332. Spending entire days with the husband. Pointing left. Shoe shopping. House hunting. Honking horns.

333. Evan's sleep talking shenanigans. Blog to follow.

334. Puppies who eat anything off the floor. Example:

335. Husbands who stop the meltdowns. Because sometimes meltdowns just happen. And Evan is very best ever, ever at making me feel better. And knowing exactly what to say to make everything better. <3

Sunday, September 4, 2011

Week of Thanks, Week Thirty Four


319. When people can give you constructive criticism and not really criticize.

320. Husbands who clean the entire house in an hour to surprise me after work. And then leave me a little love note. <3 EPC gets the gold medal in husbandness.

321. Last day of August. Finally.

322. Paying for Ethiopia. With help from the most generous people I've ever heard of. God provides.

323. Matthew 6:25-33.

324. Brand new kindle. Sometimes, Amazon just really is the most amazing company in the world.

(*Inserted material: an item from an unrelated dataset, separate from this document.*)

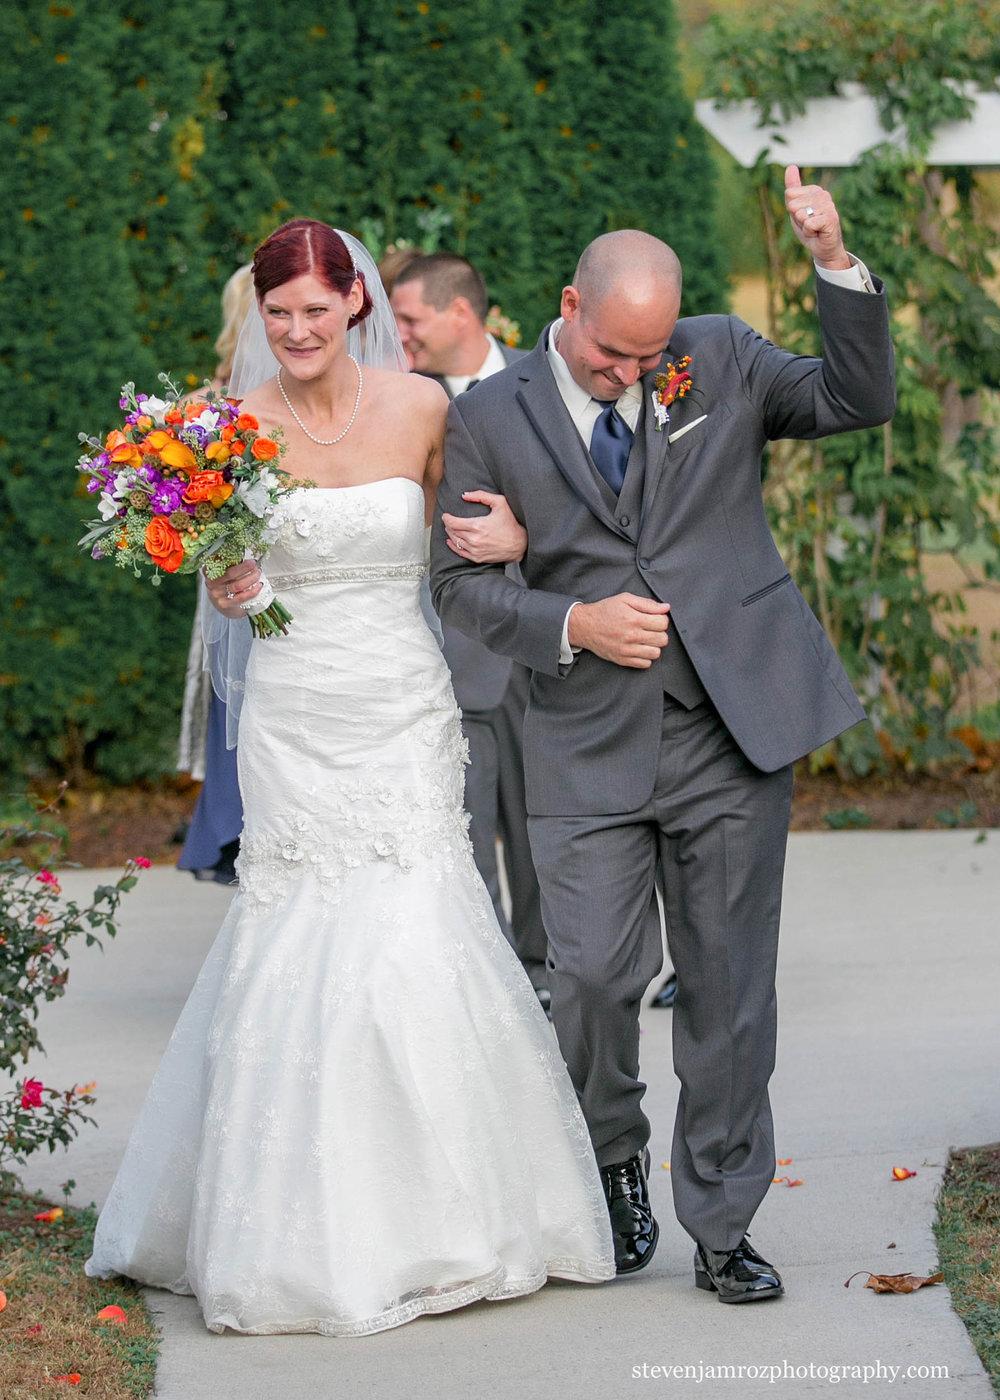 the-columned-garden-wedding-hudson-manor-steven-jamroz-photography-0217.jpg
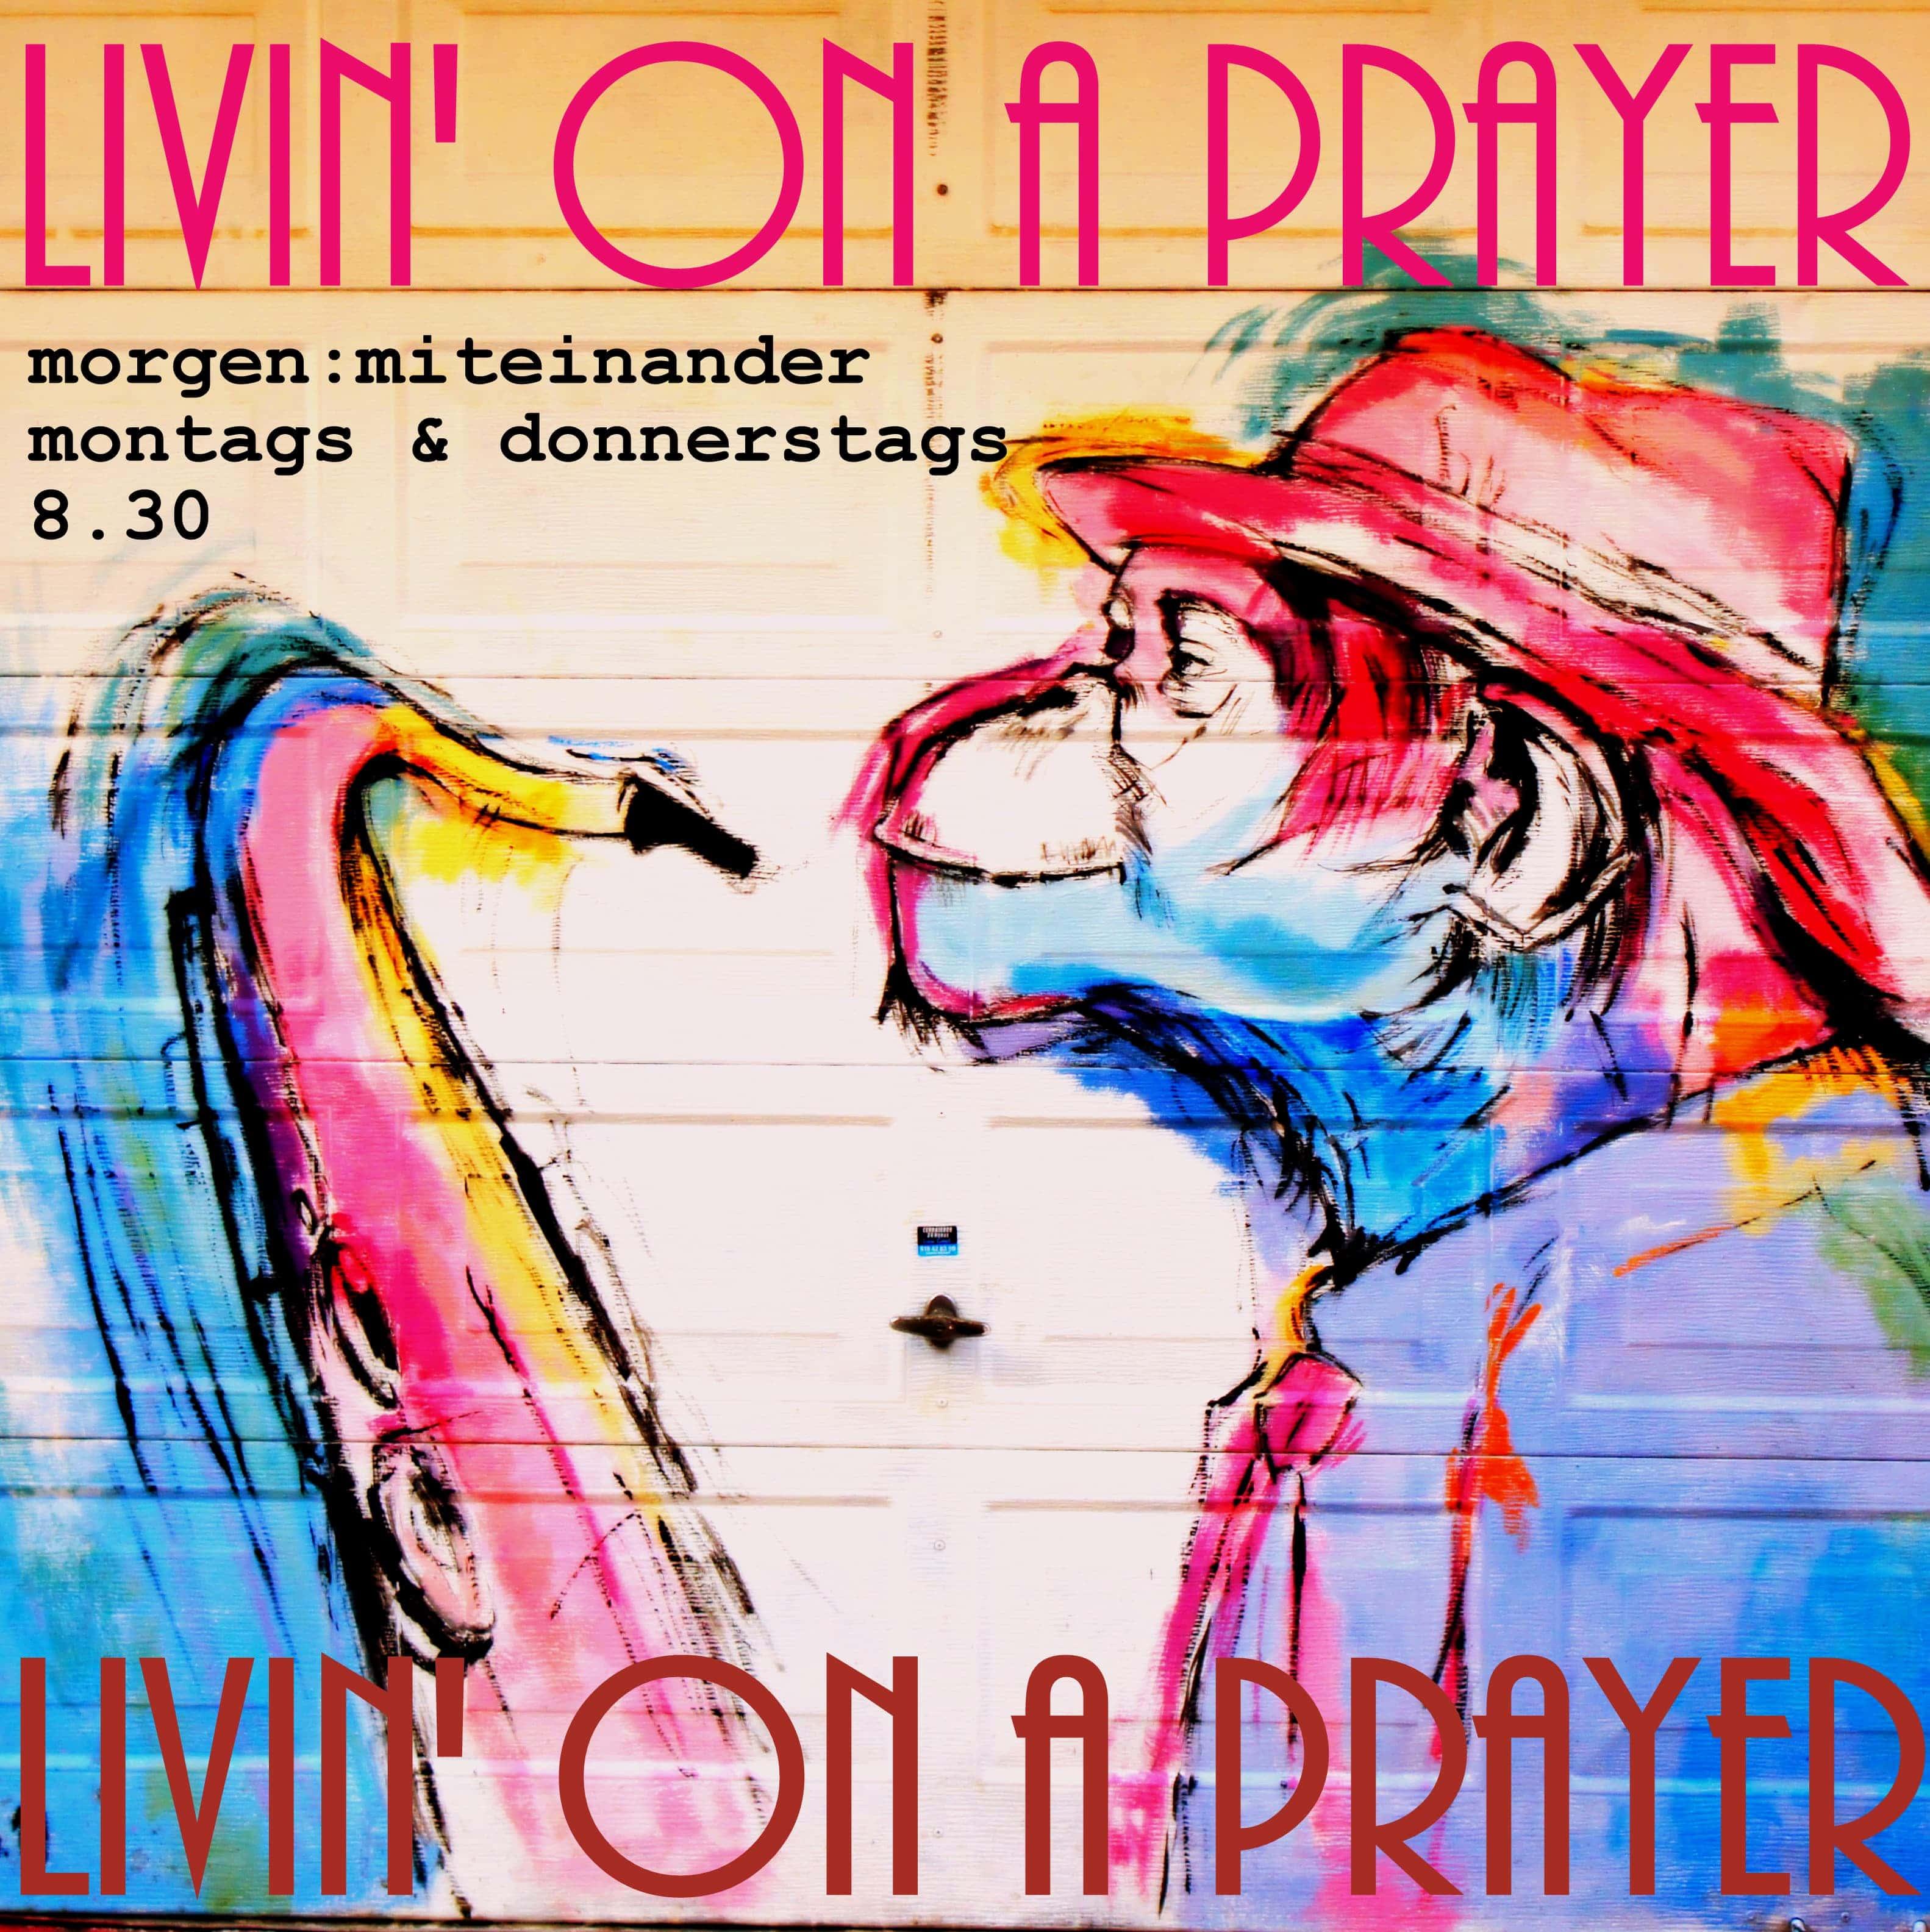 Livin on a prayer

325. Finding a beer I like love. Shock Top Raspberry Wheat. I hate beer, but most especially wheat beer. And this? YUM.

326. This:
Eeee!!! <3

Saturday, September 3, 2011

some pretty pictures for your saturday night



i found these growing against a brick wall near my house. i sort of fell in love. which is good because it's another thing to add to my ever growing list of "why-that-house-is-so-perfect-for-us." Reason #105: It's brick. Mental note to plant these lovelies when we move in.

Friday, September 2, 2011

23 before 24 update

Number 17 part 3: Take a picture of the same place once a month for a year.
(One, Two)




Are you depressed there's only 3 pictures? I am. Because of this nonsense:


Let me teach you something: Montana has "four" seasons. And by "four," we mean 11 months of winter, a week of spring, a week of fall, and 3 weeks of 100 degree days. Winter began yesterday because apparently when we started September it automatically needed to be 60 degrees. I wore my North Face. My winter coat. In September. And I know I'm cheating by posting these September two, but I took these August 31. Swear. Which is basically September in the rule book of "Don't start road construction three days before it snows." Which they did. And also in my area of picture taking. Double annoyed.

Montana has clearly reached fall. I saw a yellowing tree tonight and I got a little sad. And look at that grass!!! Yellow. Fall. However, I love fall. I'm not ready for snow. I'm ready for scarves and mittens and boots and jackets and apple cider and when you can see your breath. Just not that gross snow that comes after it.